Search, evaluate, and curate ArXiv research papers with personalized scoring and deduplication.

Overview

This skill extends basic ArXiv search with a structured evaluation pipeline: user preferences define scoring criteria, each paper is scored across multiple dimensions, and only papers meeting the threshold are recorded — with deduplication to avoid revisiting previously rated papers.

Core Capabilities

1. Preference Management

Read references/preferences.md at the start of each session.
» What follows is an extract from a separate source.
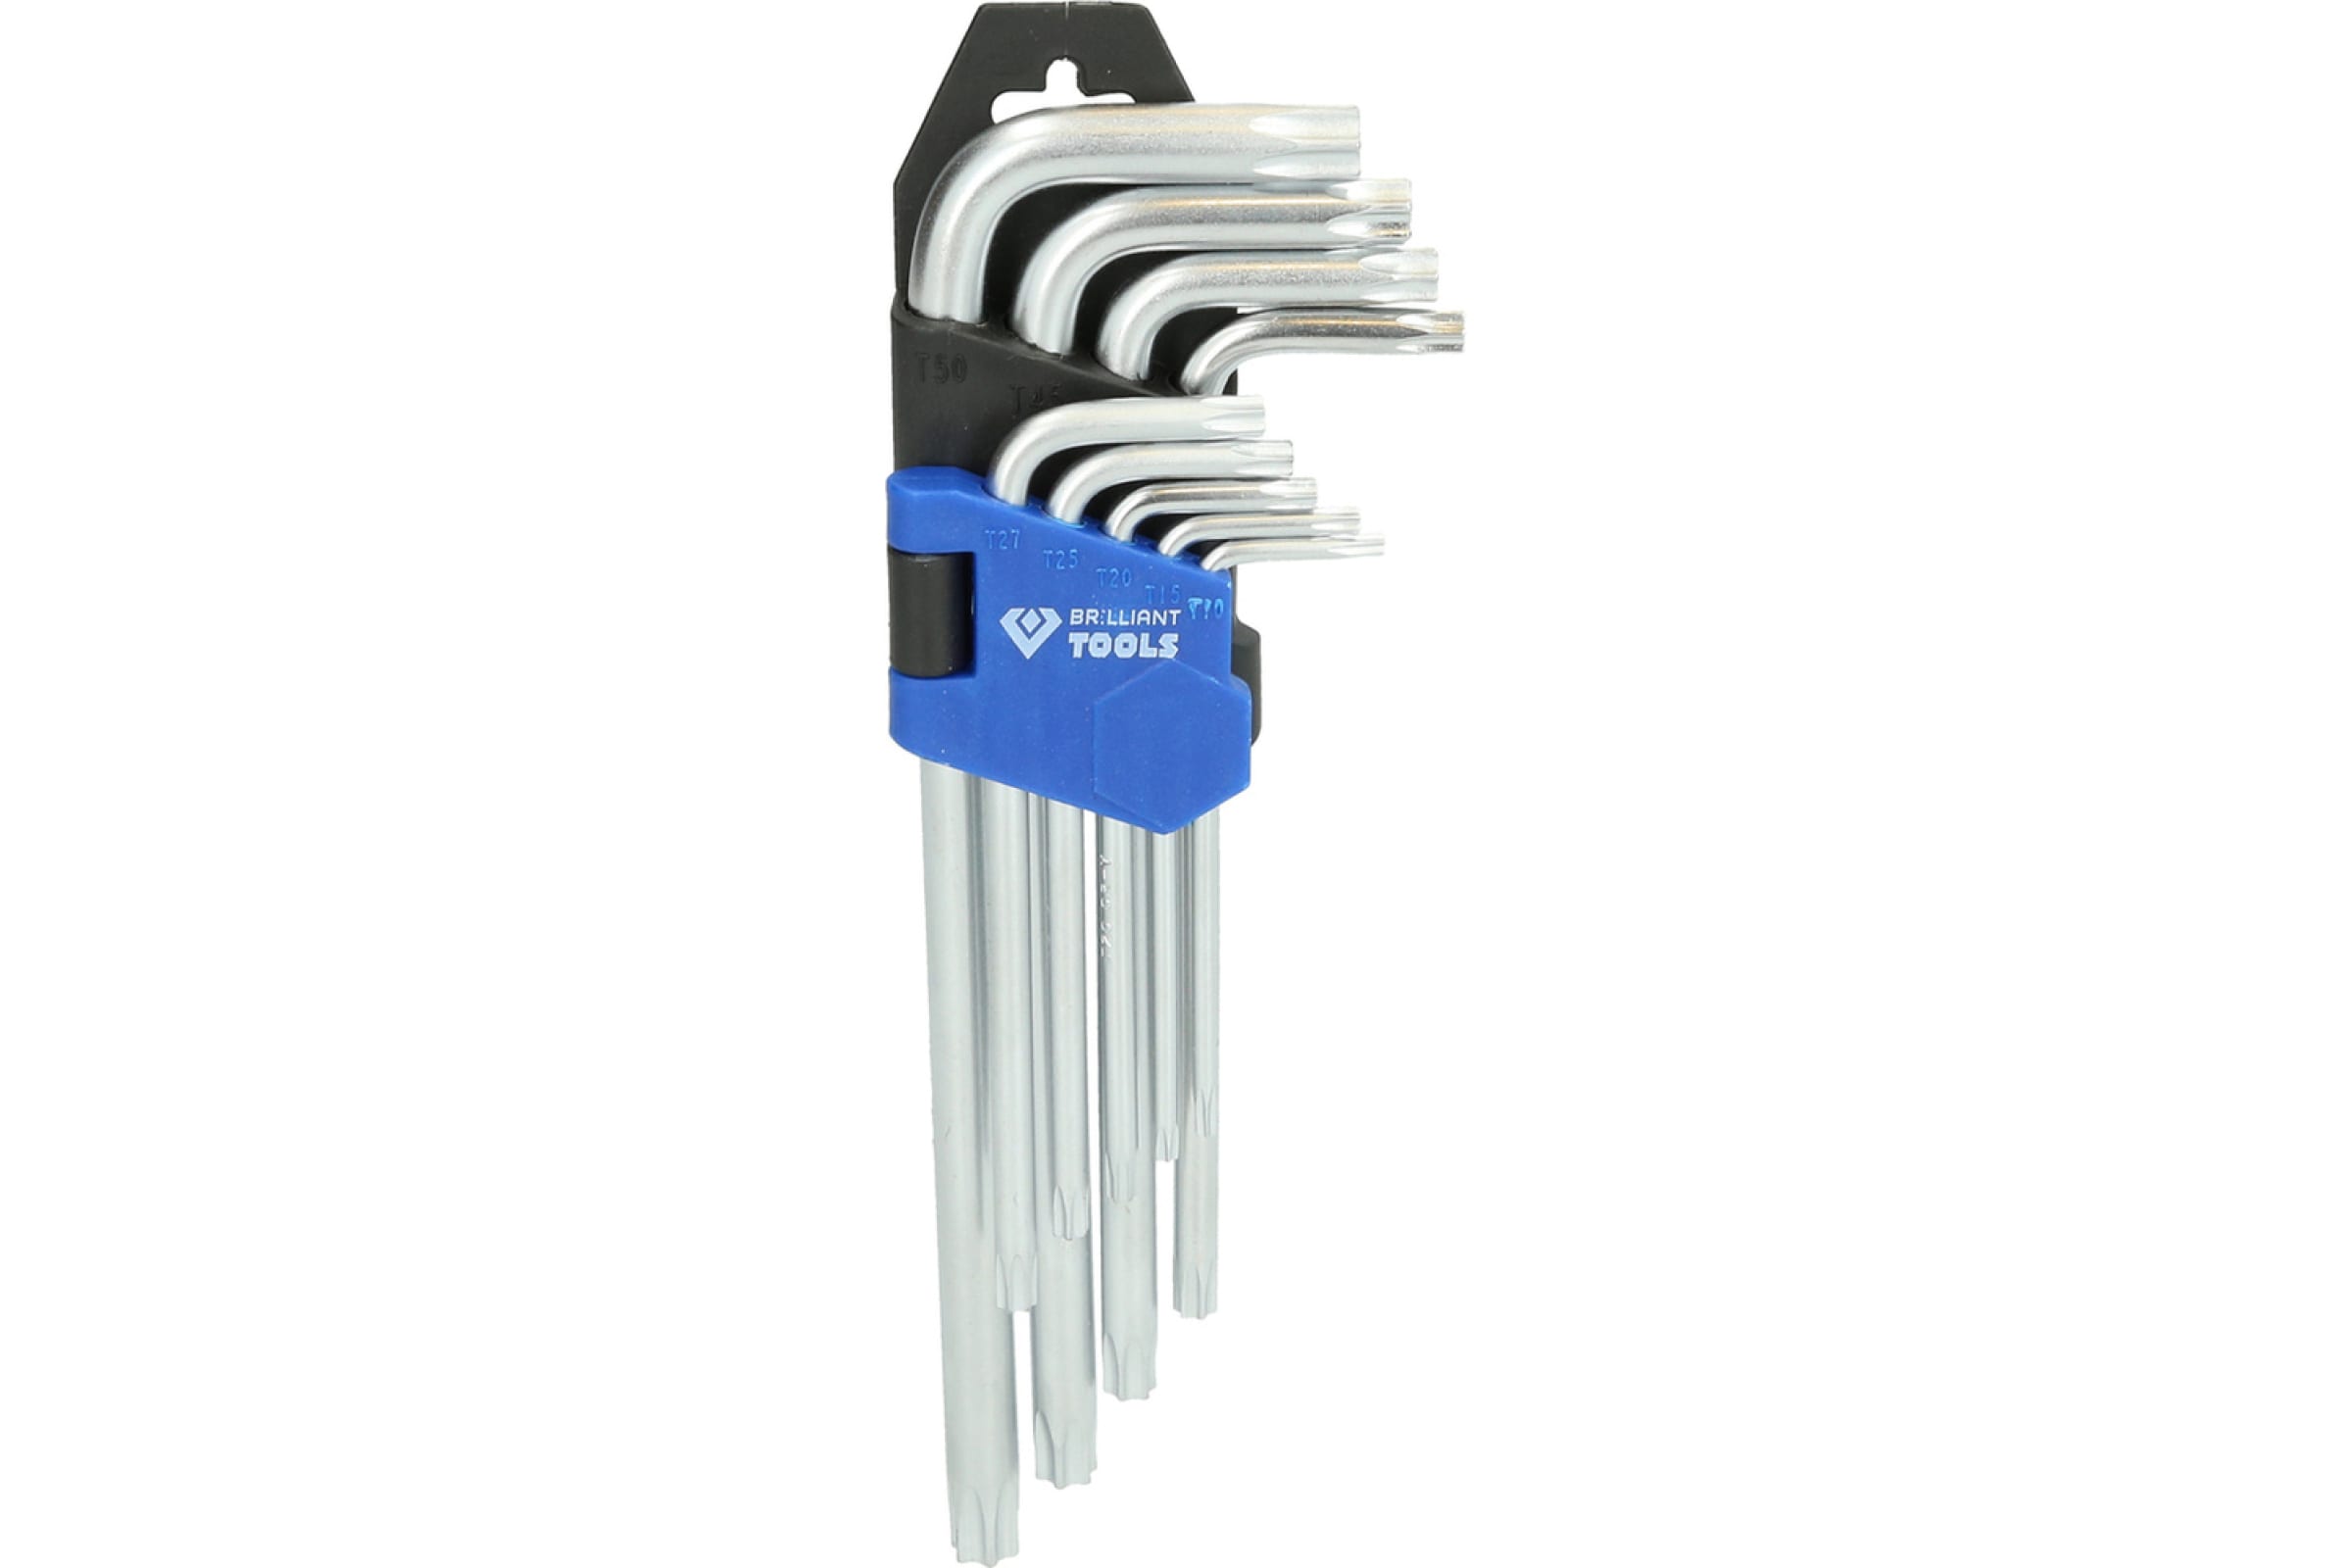 Brilliant Tools Набор угловых ключей Torx в откидном держателе 9 предметов BT044009
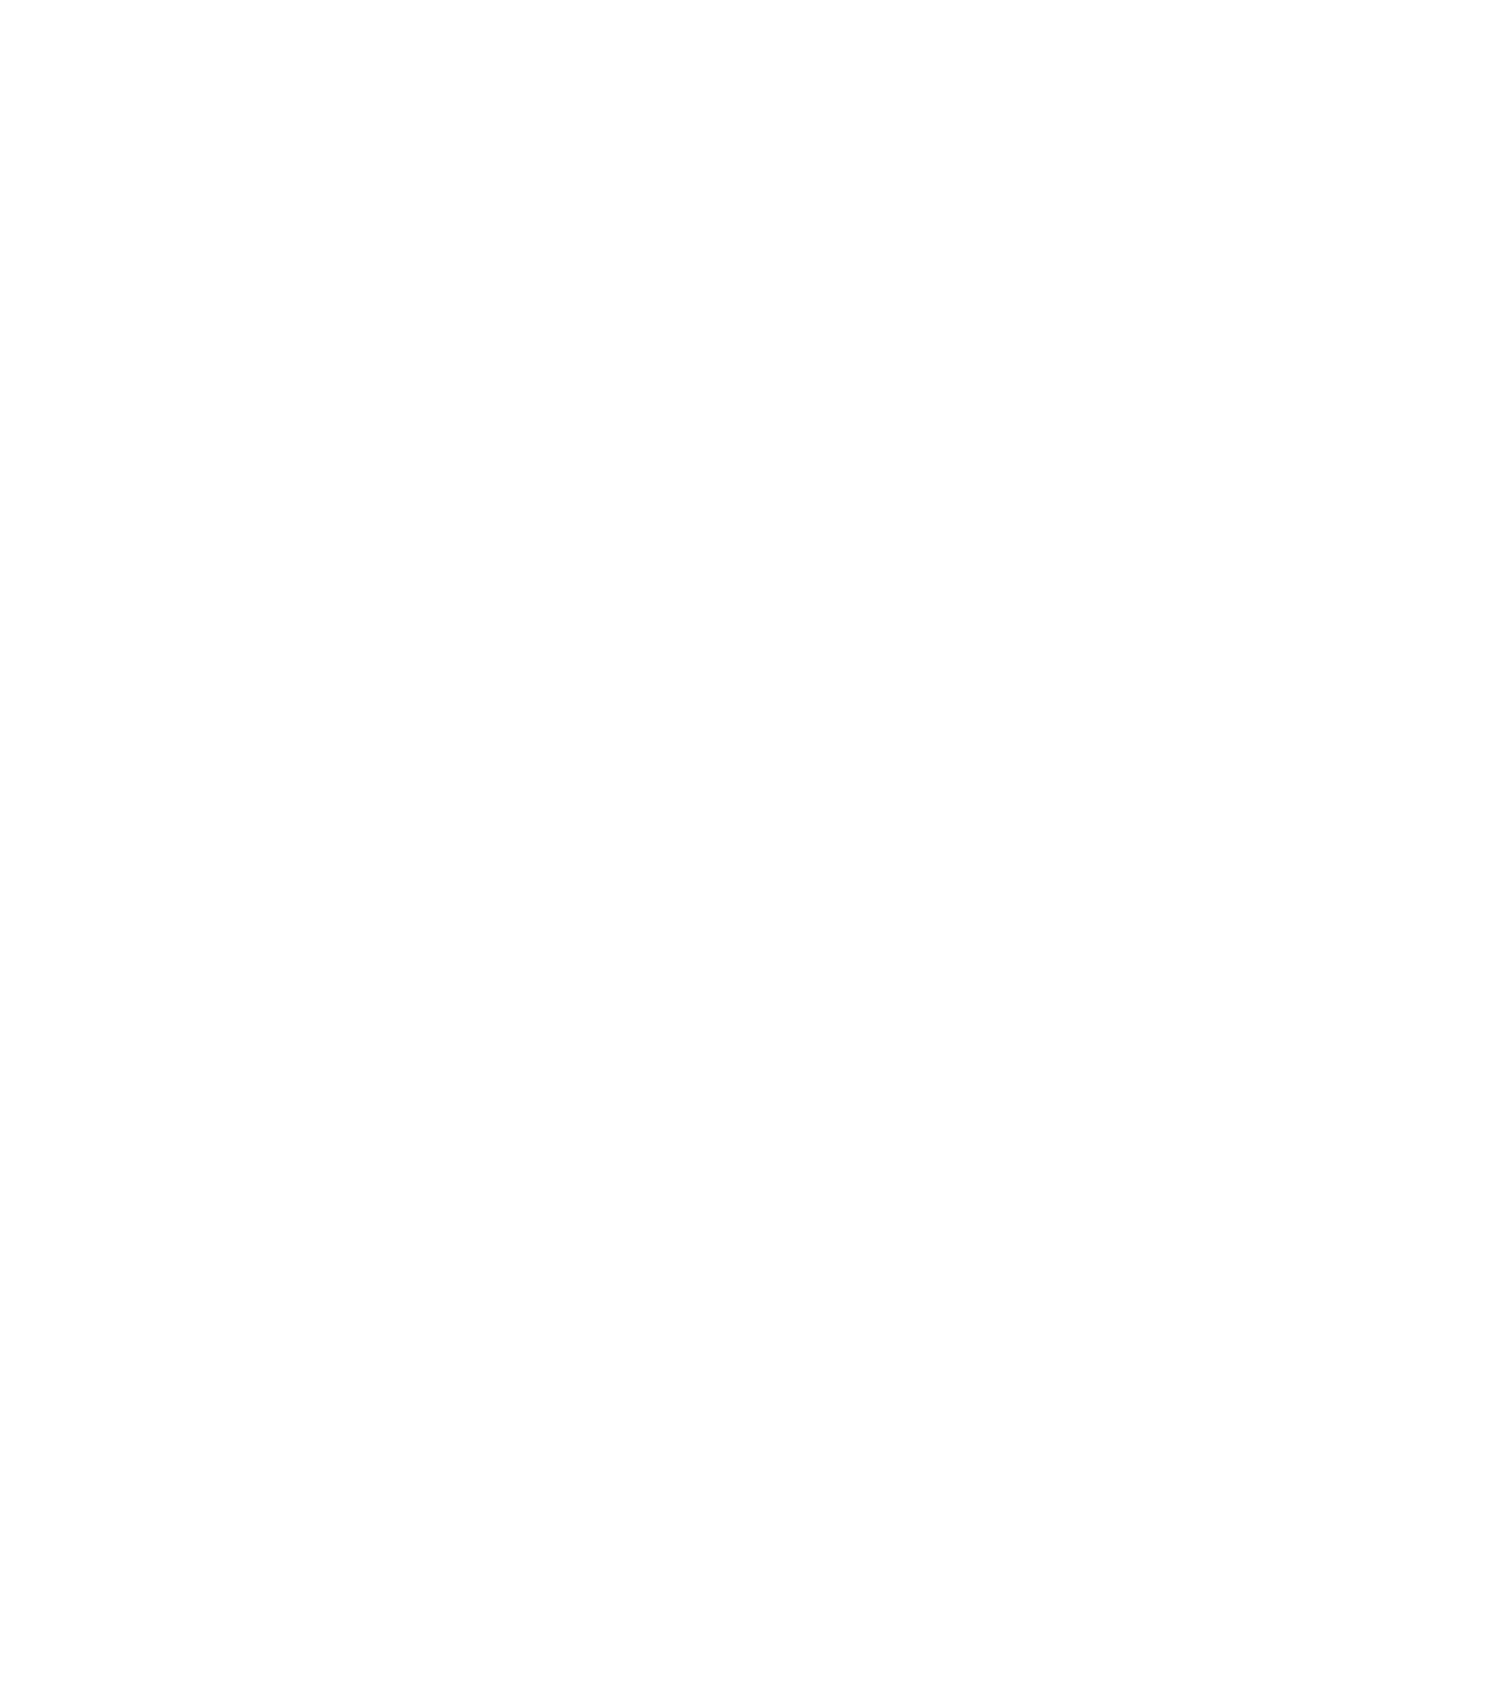 LANCYL GARDENS

This file contains:

Research interest areas (or instructions to use per-query topics)
Scoring dimensions (Innovation, Relevance, Practicality, Rigor)
Dimension weights and passing threshold
Customization rules

When the user requests changes to preferences (e.g., "add a dimension", "change the threshold", "adjust weights"), update references/preferences.md immediately and confirm.

2. Paper Search

Use scripts/search_arxiv.sh to query the ArXiv API:

# Flag-based interface (recommended)
scripts/search_arxiv.sh -q "<query>" [-n max_results] [-c category] [-s start] [--date-from YYYY-MM-DD] [--date-to YYYY-MM-DD]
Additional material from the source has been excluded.